> Exercise instructions
Below are the records; repeat exactly their lines between the line holding "Russell Hobbs user" and the line holding "To activate your", inclusive, skipping the pictures.

Data to process Block Start

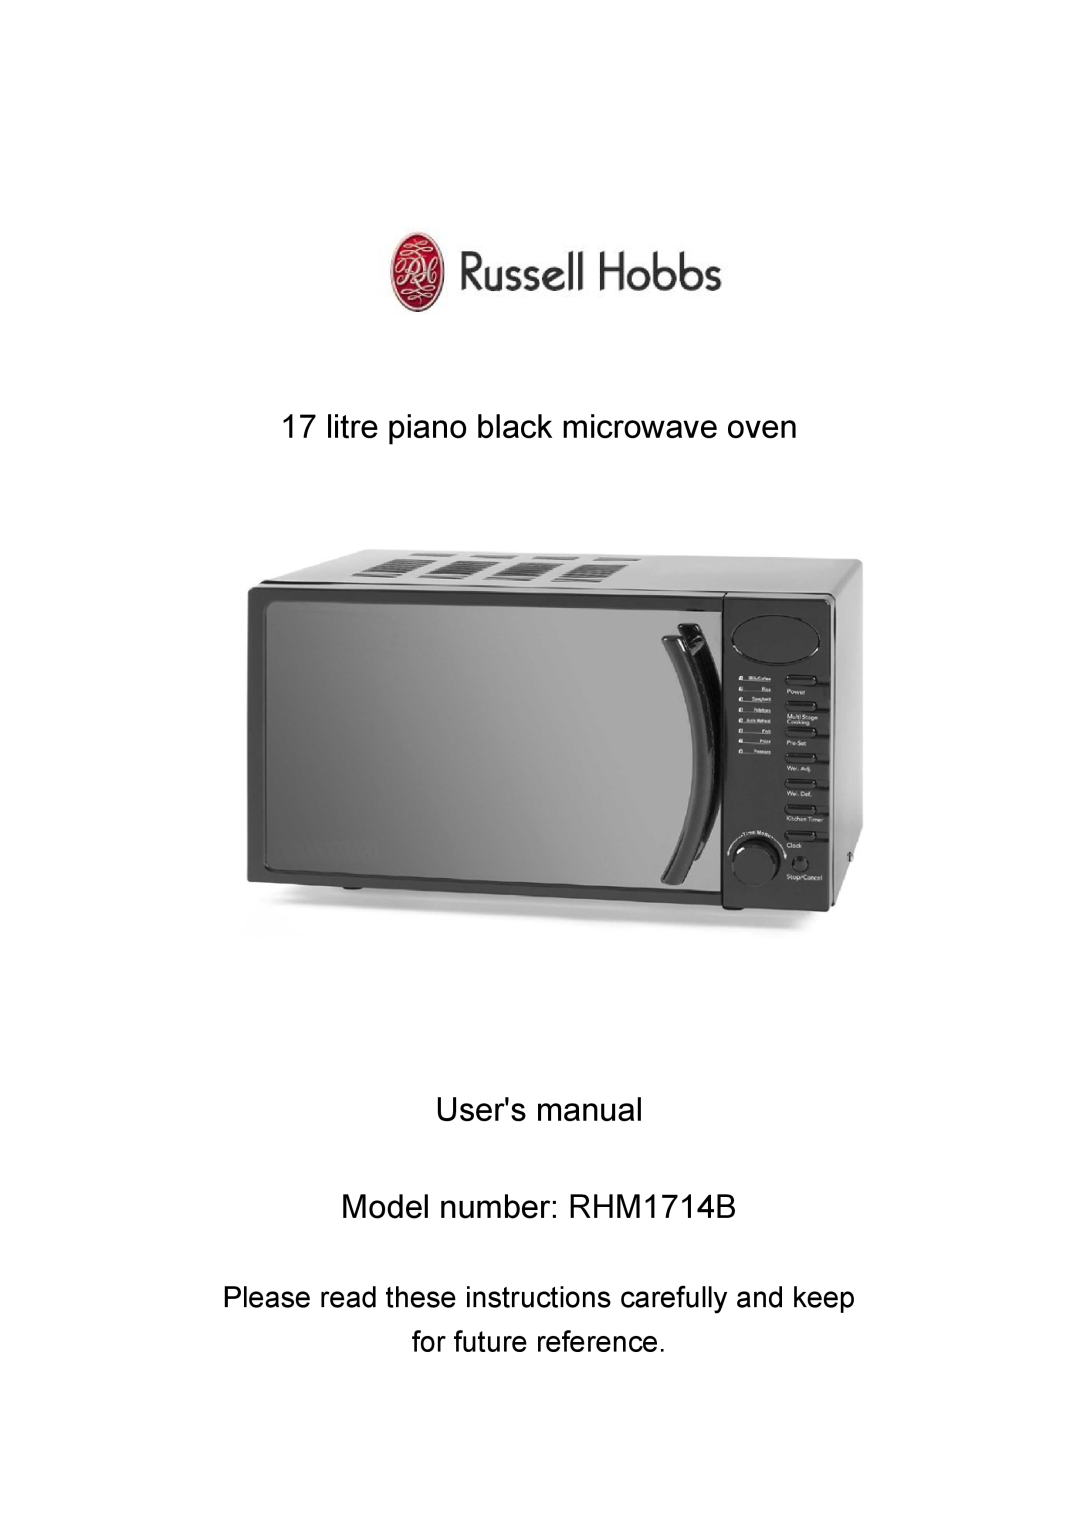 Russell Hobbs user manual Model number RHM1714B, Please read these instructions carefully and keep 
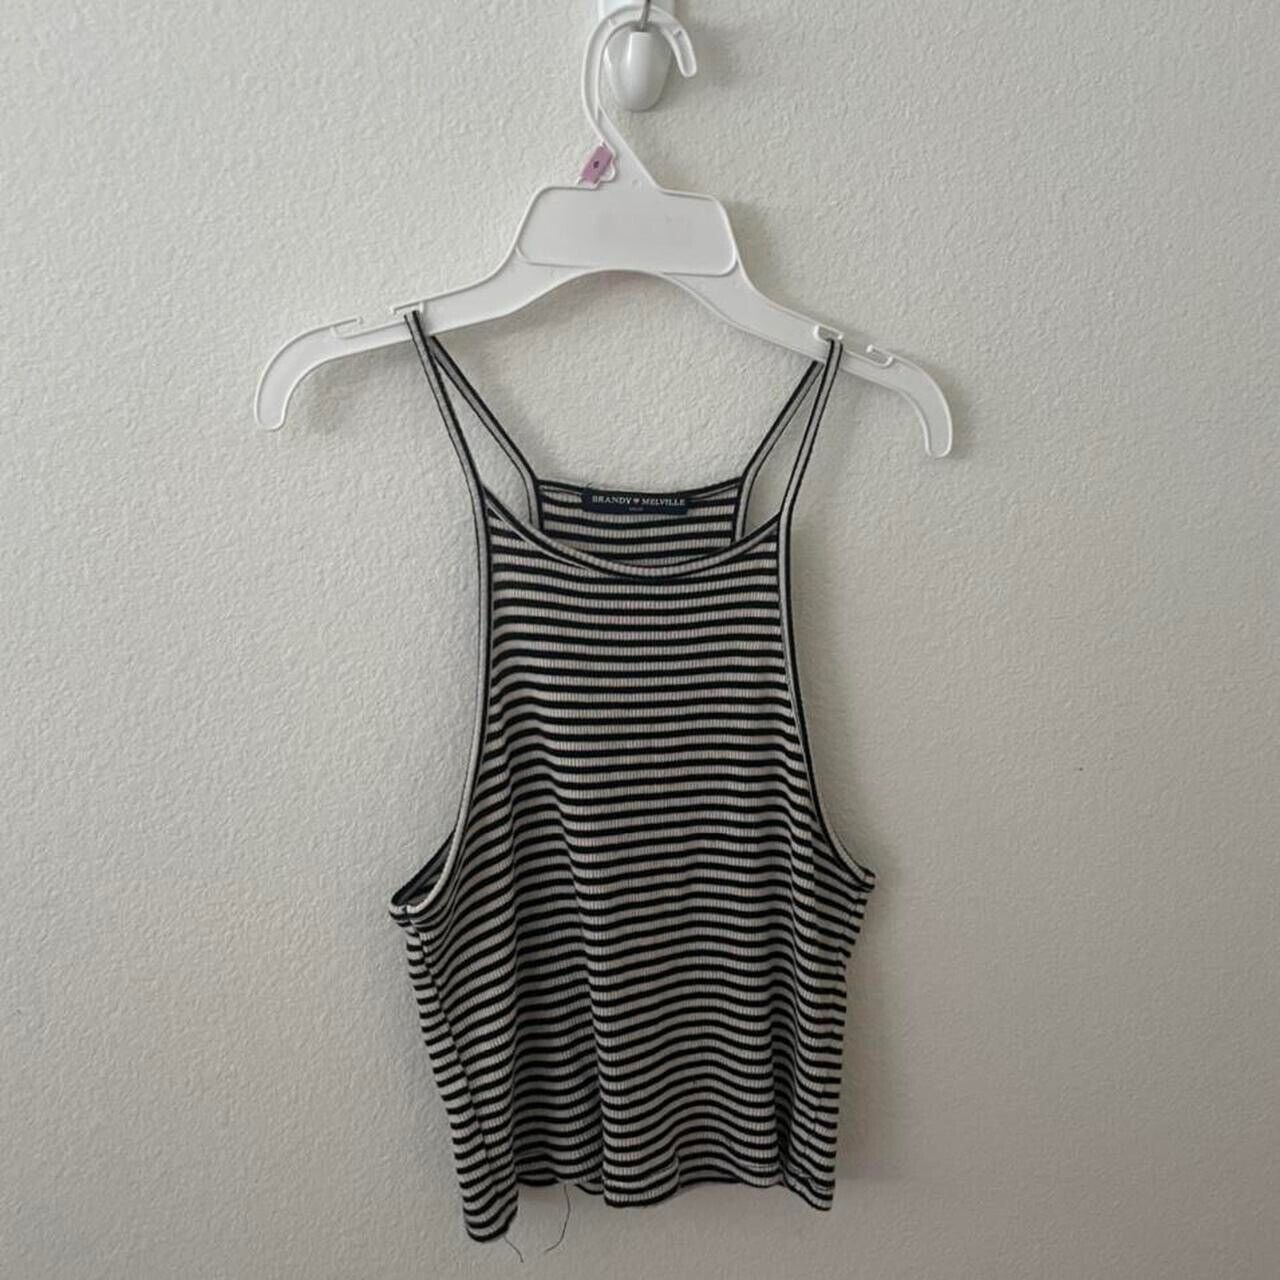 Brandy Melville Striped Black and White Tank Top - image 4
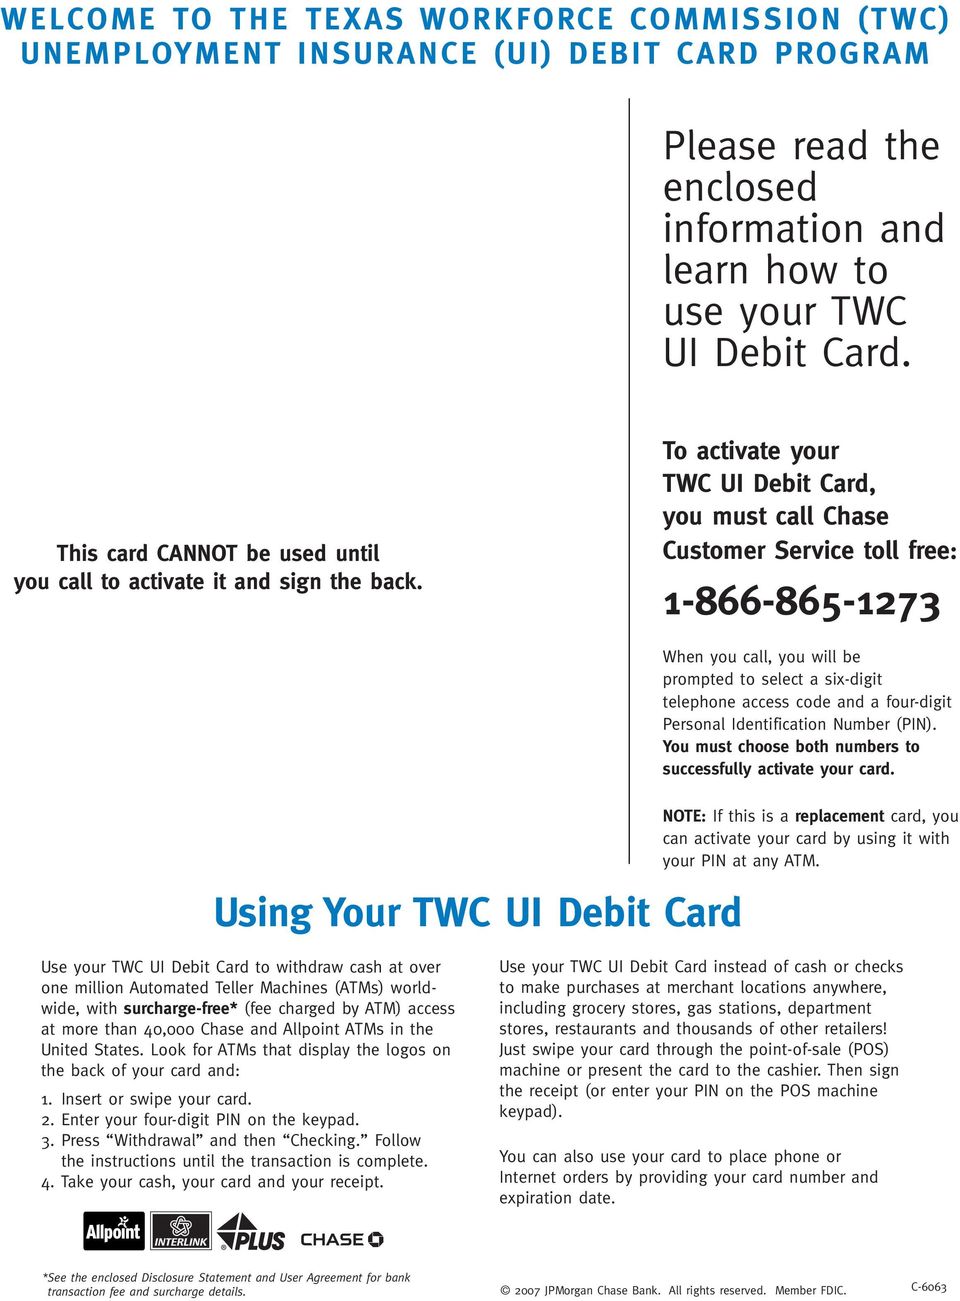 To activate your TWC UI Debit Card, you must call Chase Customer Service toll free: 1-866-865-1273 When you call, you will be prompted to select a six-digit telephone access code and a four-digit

Data to process Block End
Data to process Block Start

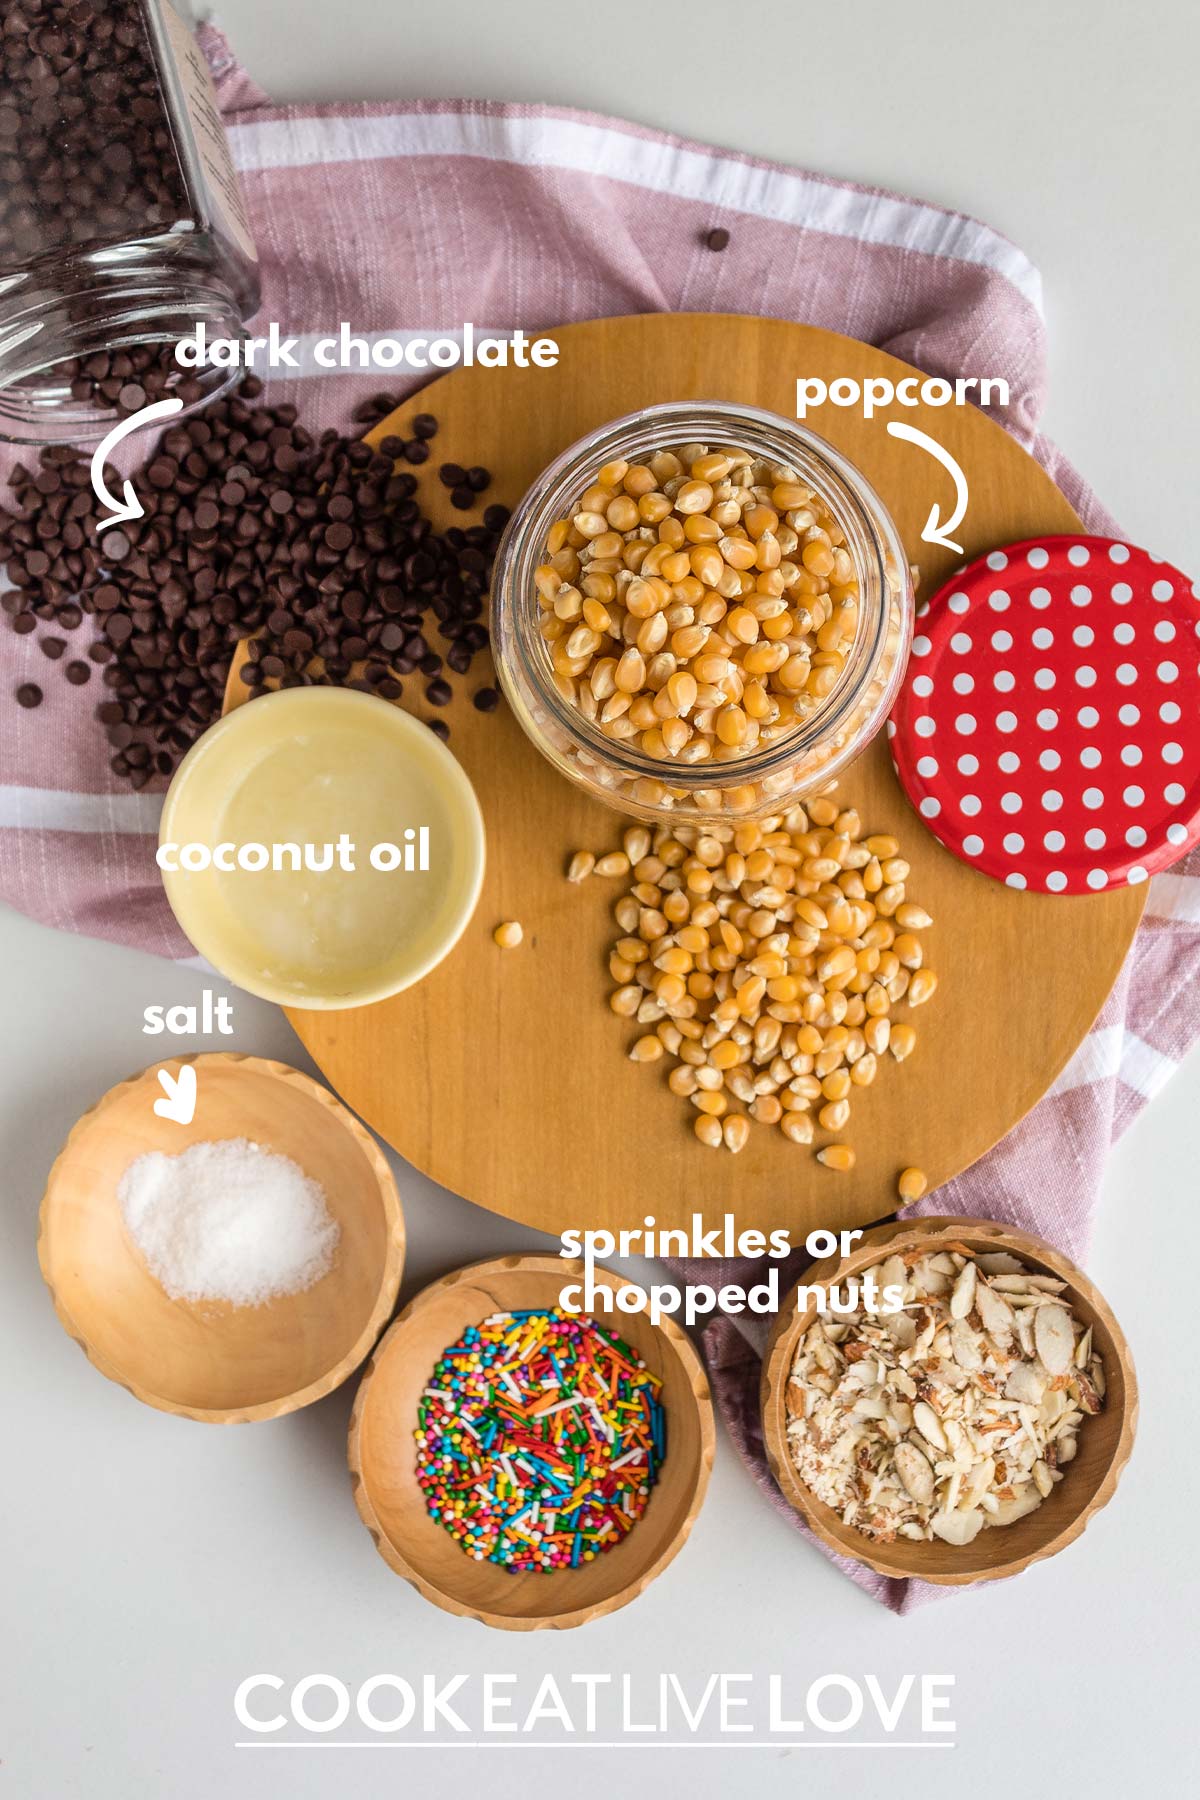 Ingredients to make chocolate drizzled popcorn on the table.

Data to process Block End
Data to process Block Start

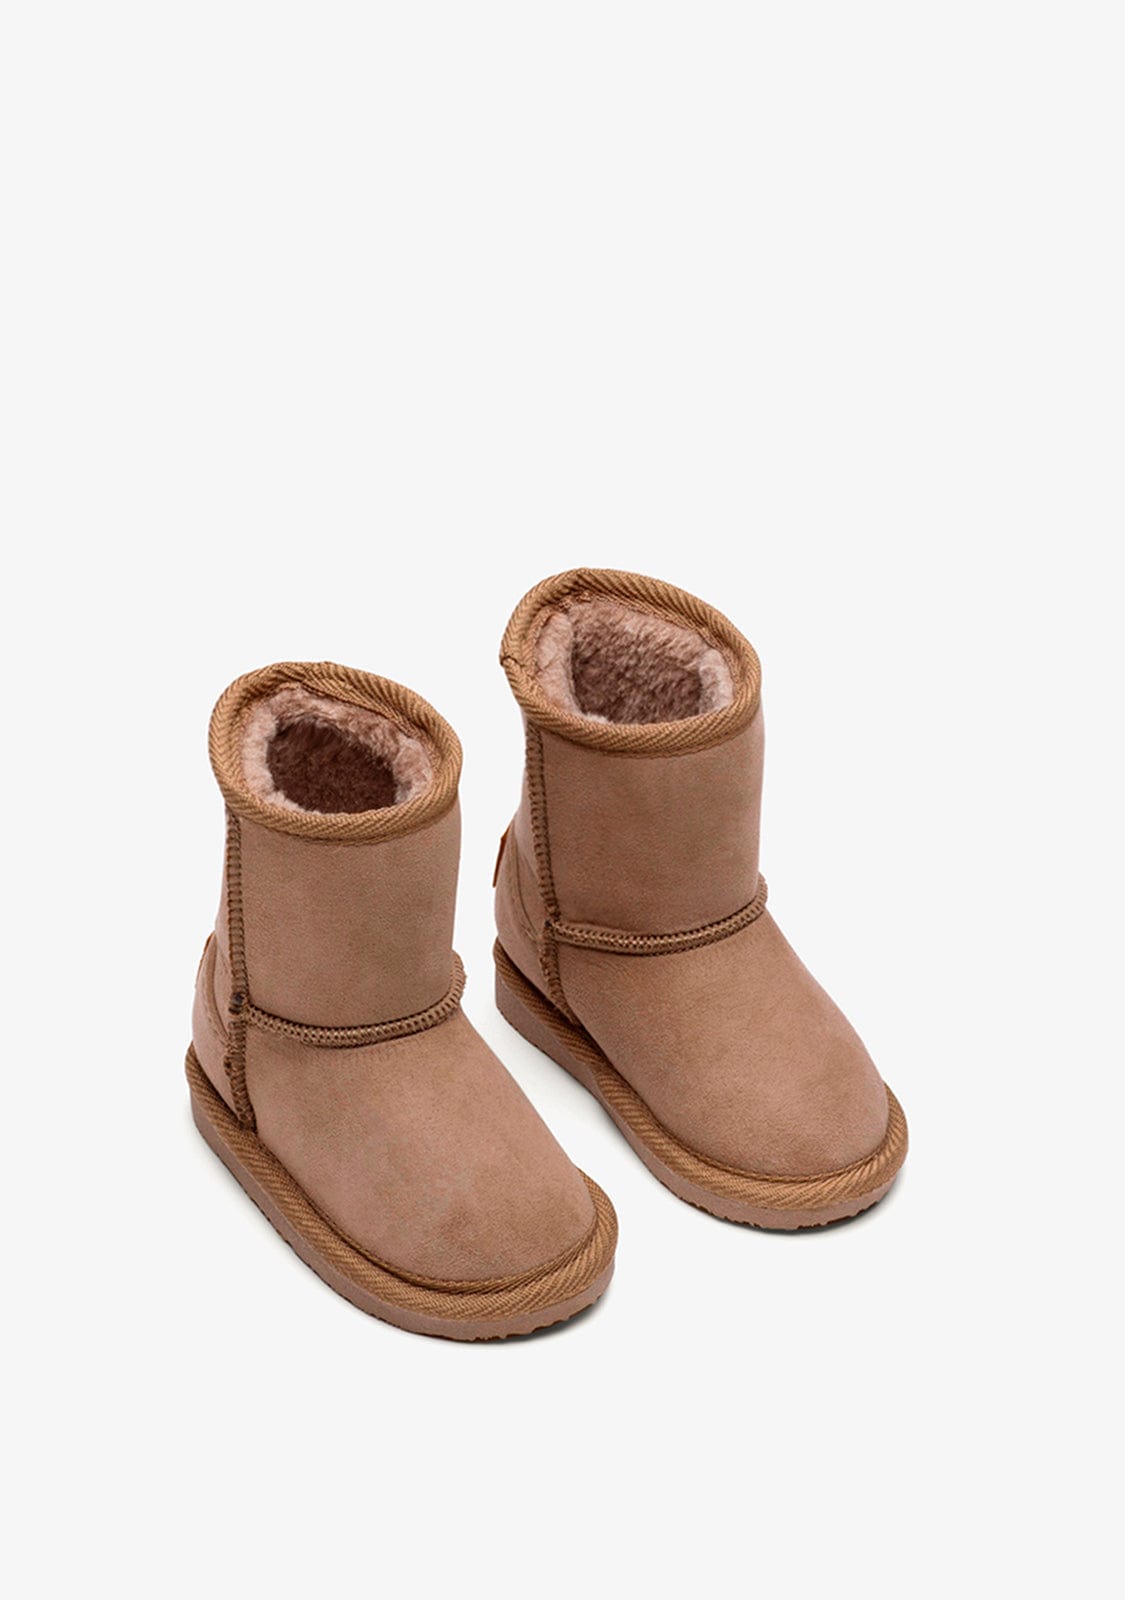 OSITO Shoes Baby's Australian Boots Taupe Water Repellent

Data to process Block End

> Answer box
 Russell Hobbs user manual Model number RHM1714B, Please read these instructions carefully and keep 
 Brandy Melville Striped Black and White Tank Top - image 4
 To activate your TWC UI Debit Card, you must call Chase Customer Service toll free: 1-866-865-1273 When you call, you will be prompted to select a six-digit telephone access code and a four-digit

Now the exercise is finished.